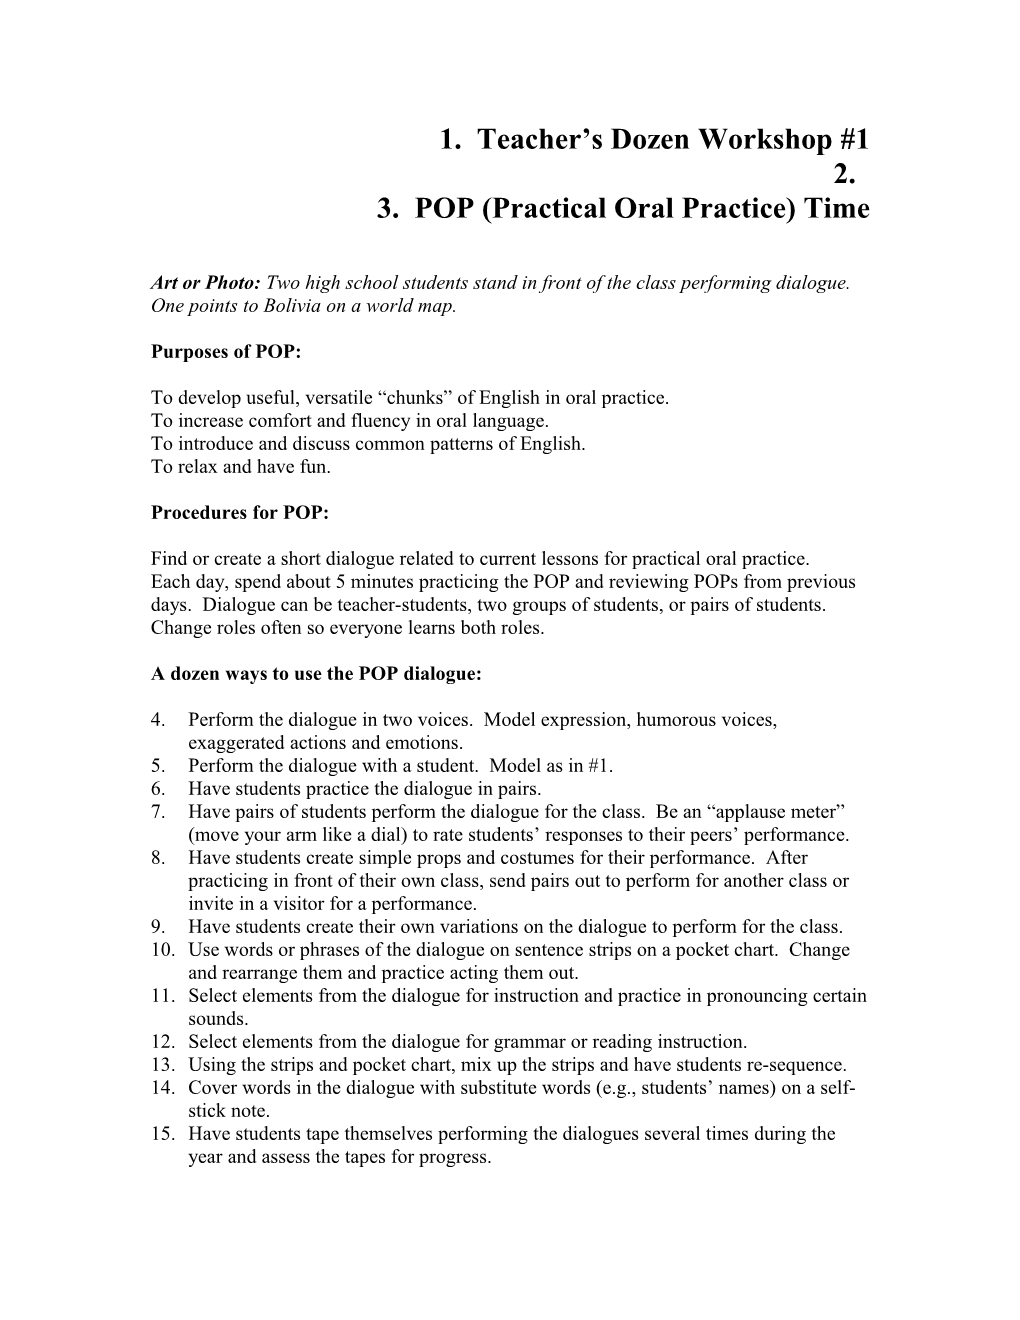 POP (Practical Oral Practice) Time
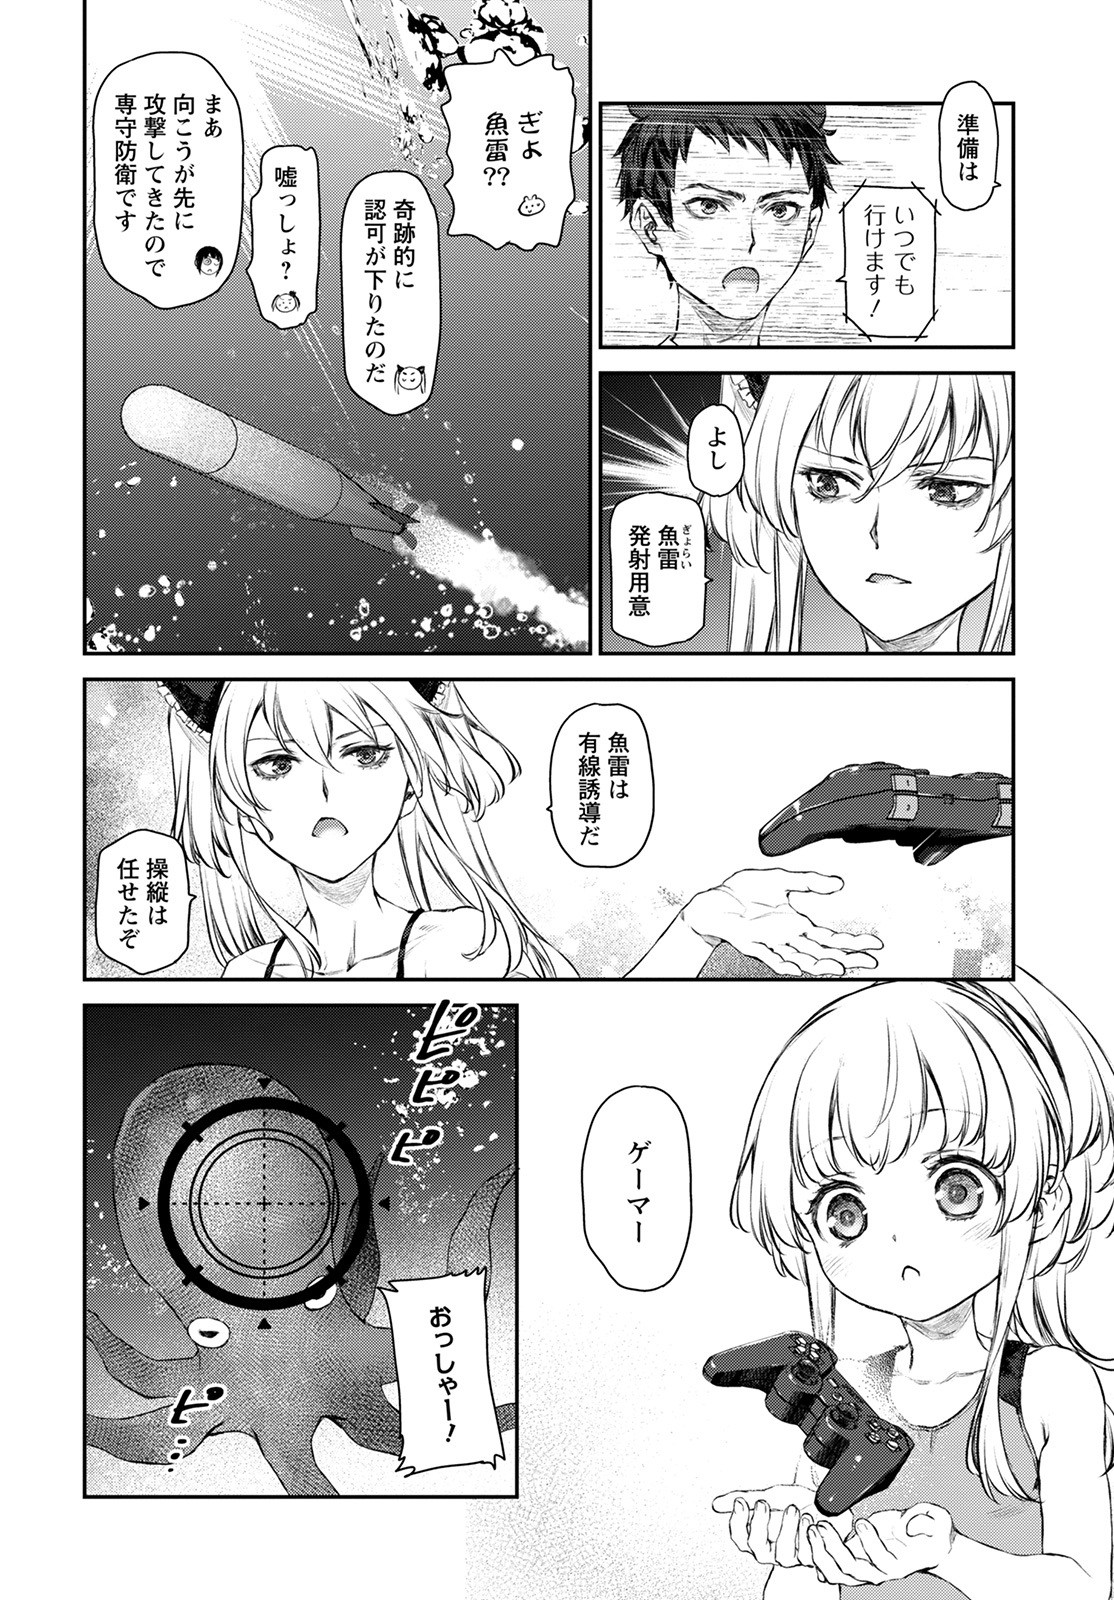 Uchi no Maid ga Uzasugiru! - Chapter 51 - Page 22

===

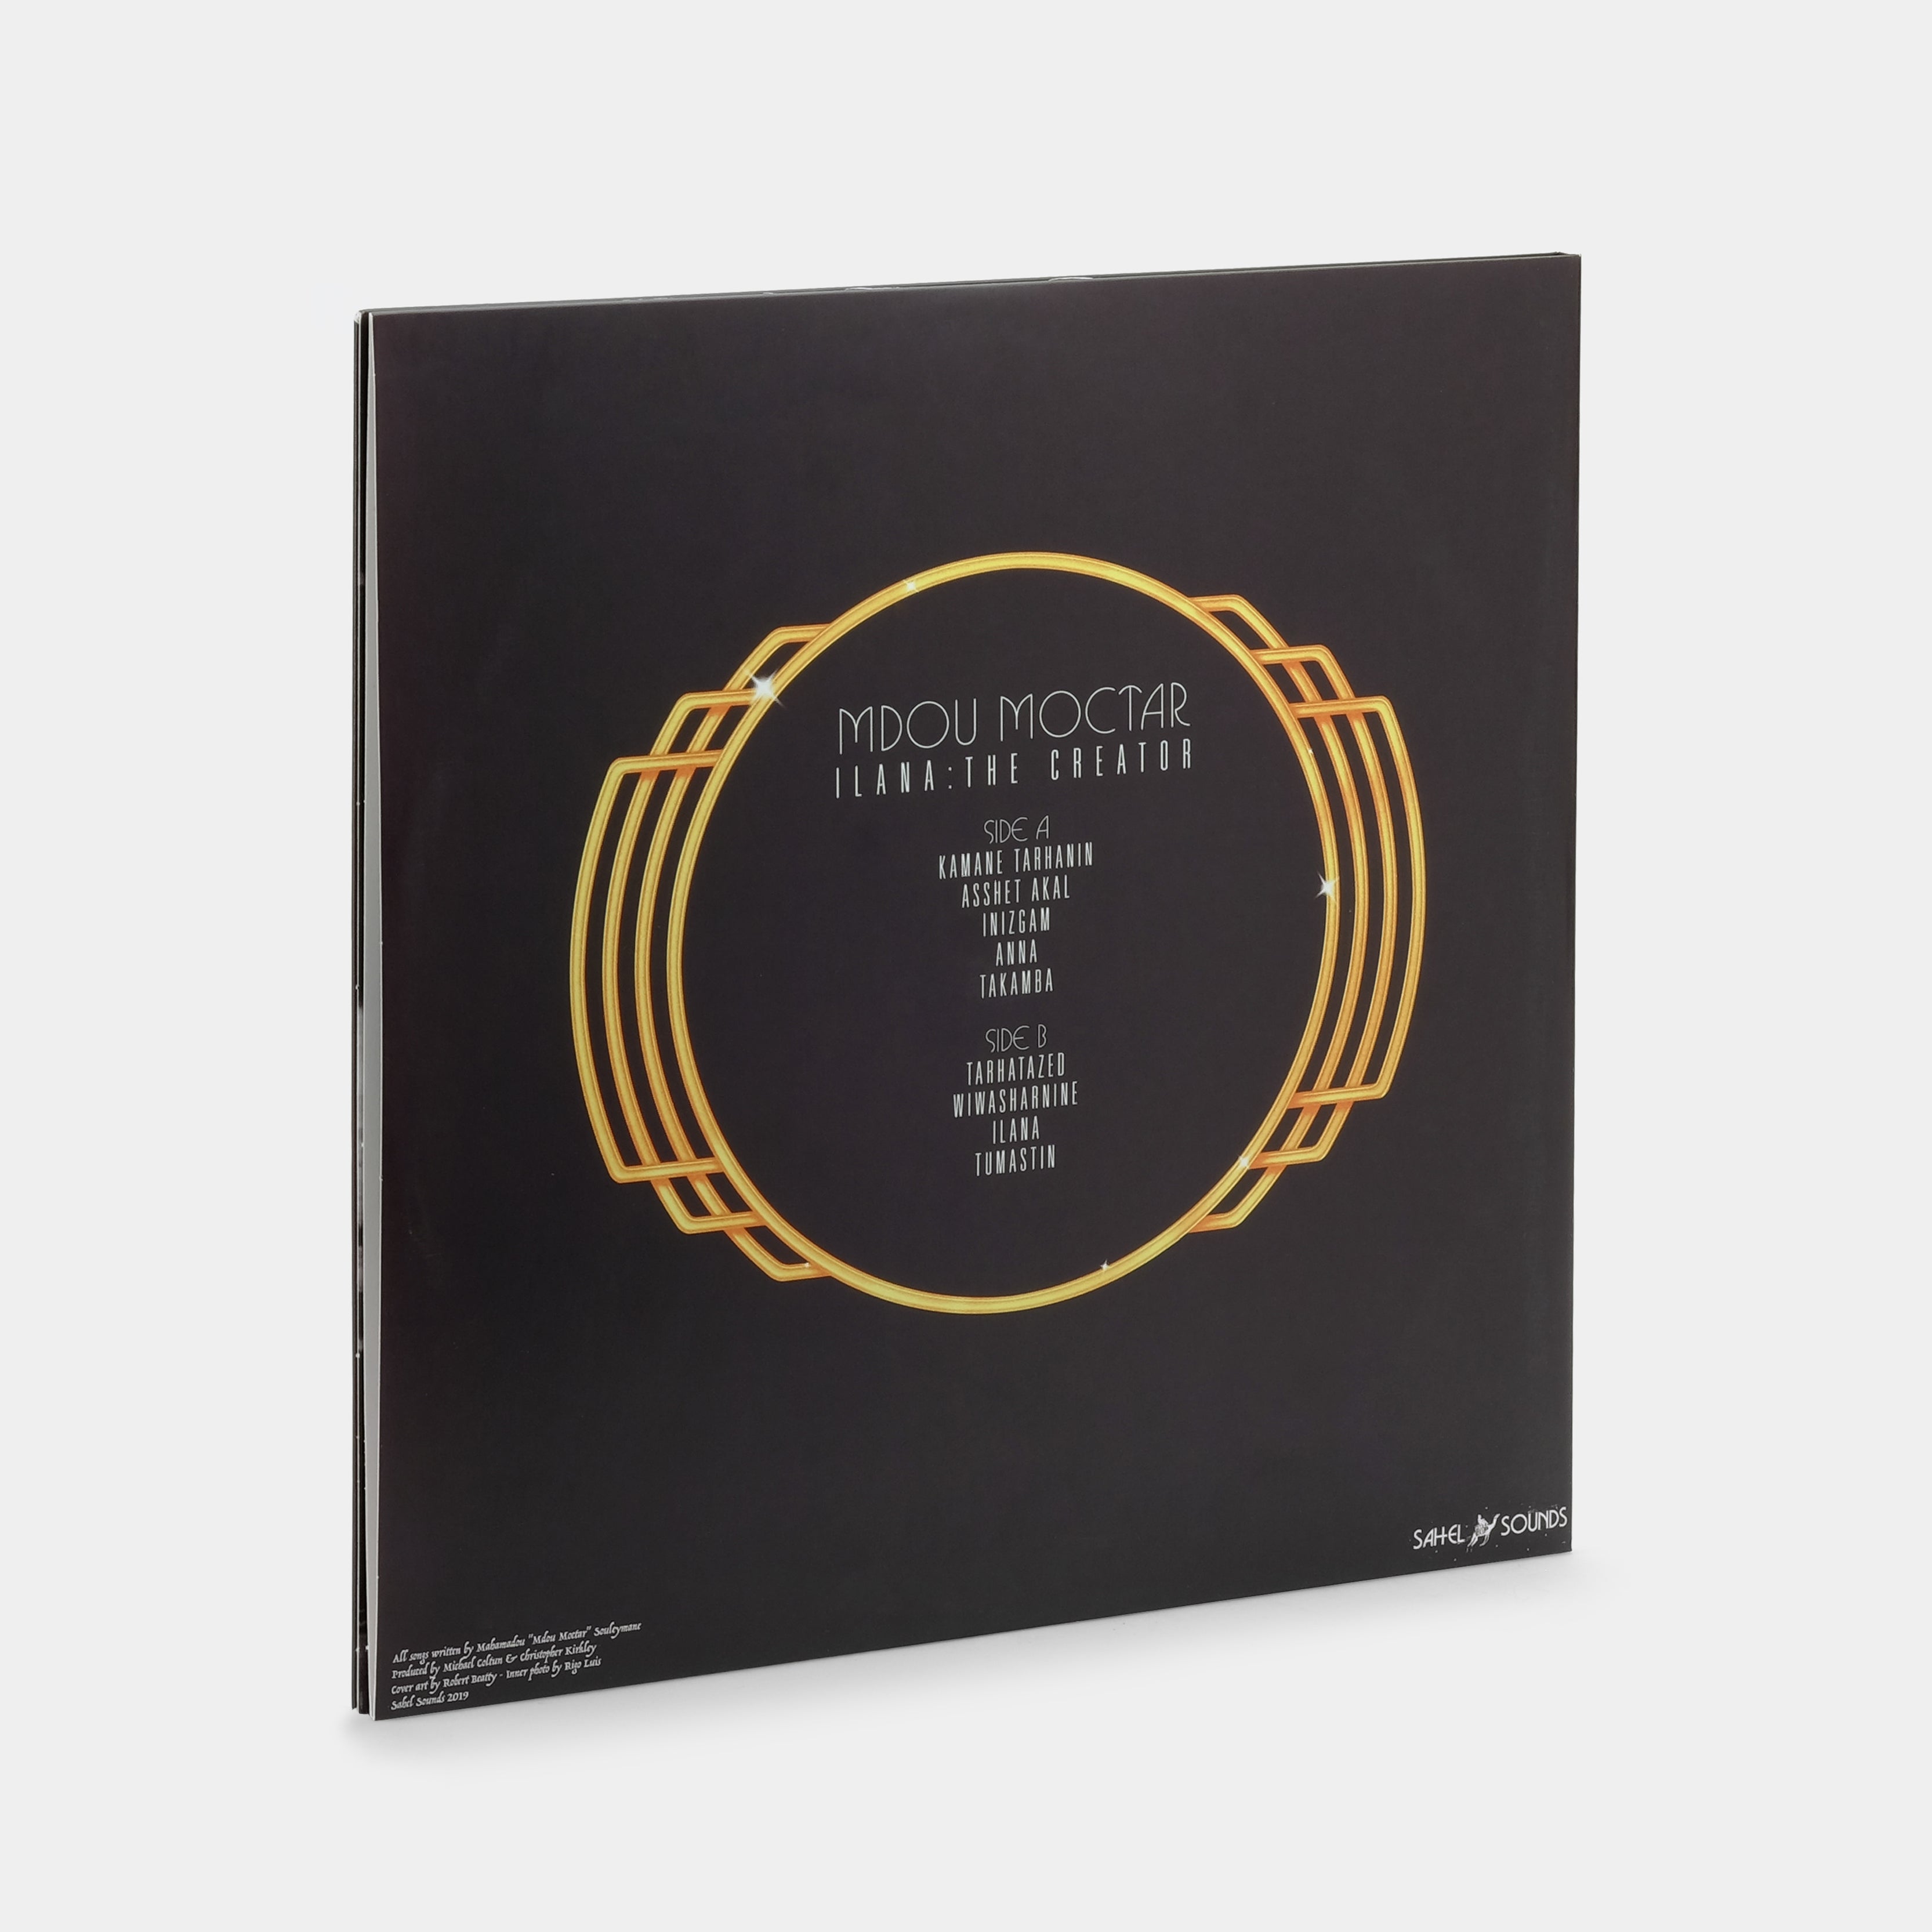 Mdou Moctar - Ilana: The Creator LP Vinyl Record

===

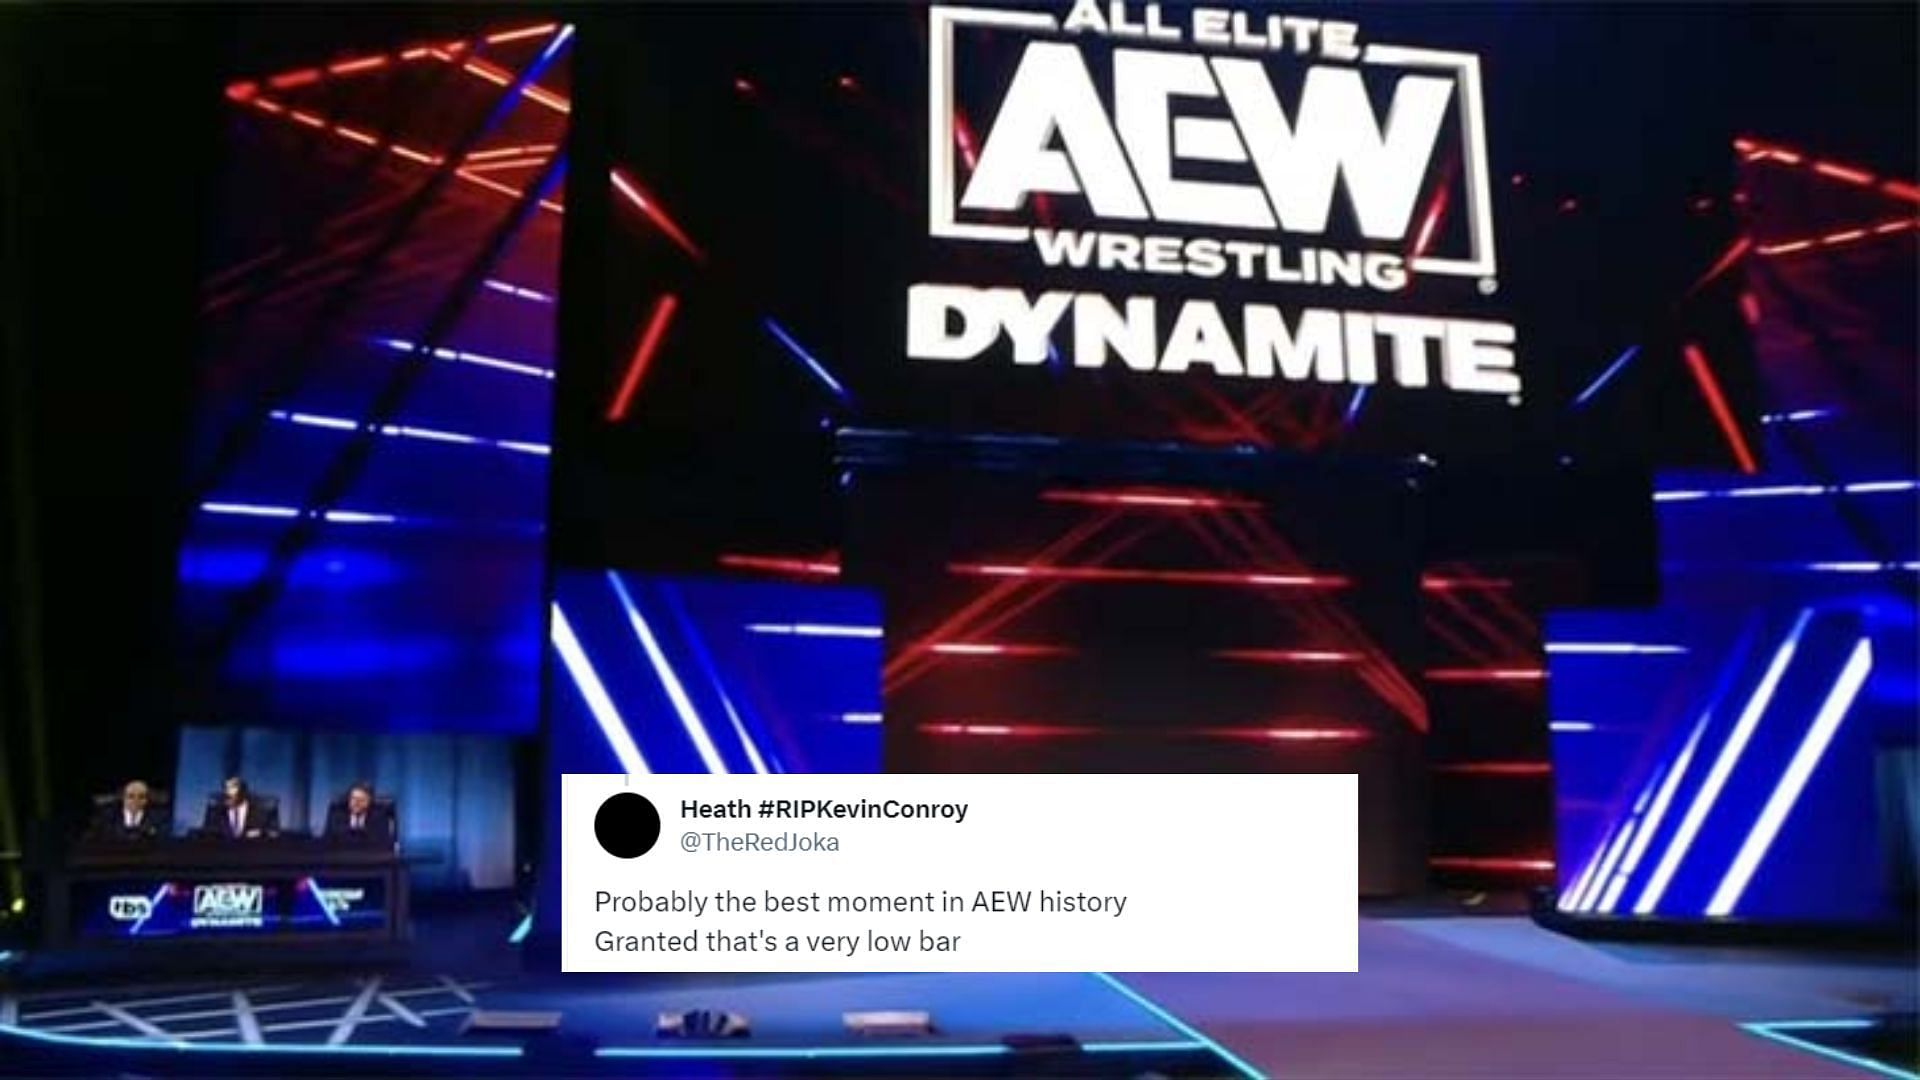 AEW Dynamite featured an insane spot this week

===

Skipping every picture, transcribe exactly the lines above from the one containing "POP (Practical Oral Practice) Time" through the one containing "Uchi no Maid", both included.

 POP (Practical Oral Practice) Time
 Uchi no Maid ga Uzasugiru! - Chapter 51 - Page 22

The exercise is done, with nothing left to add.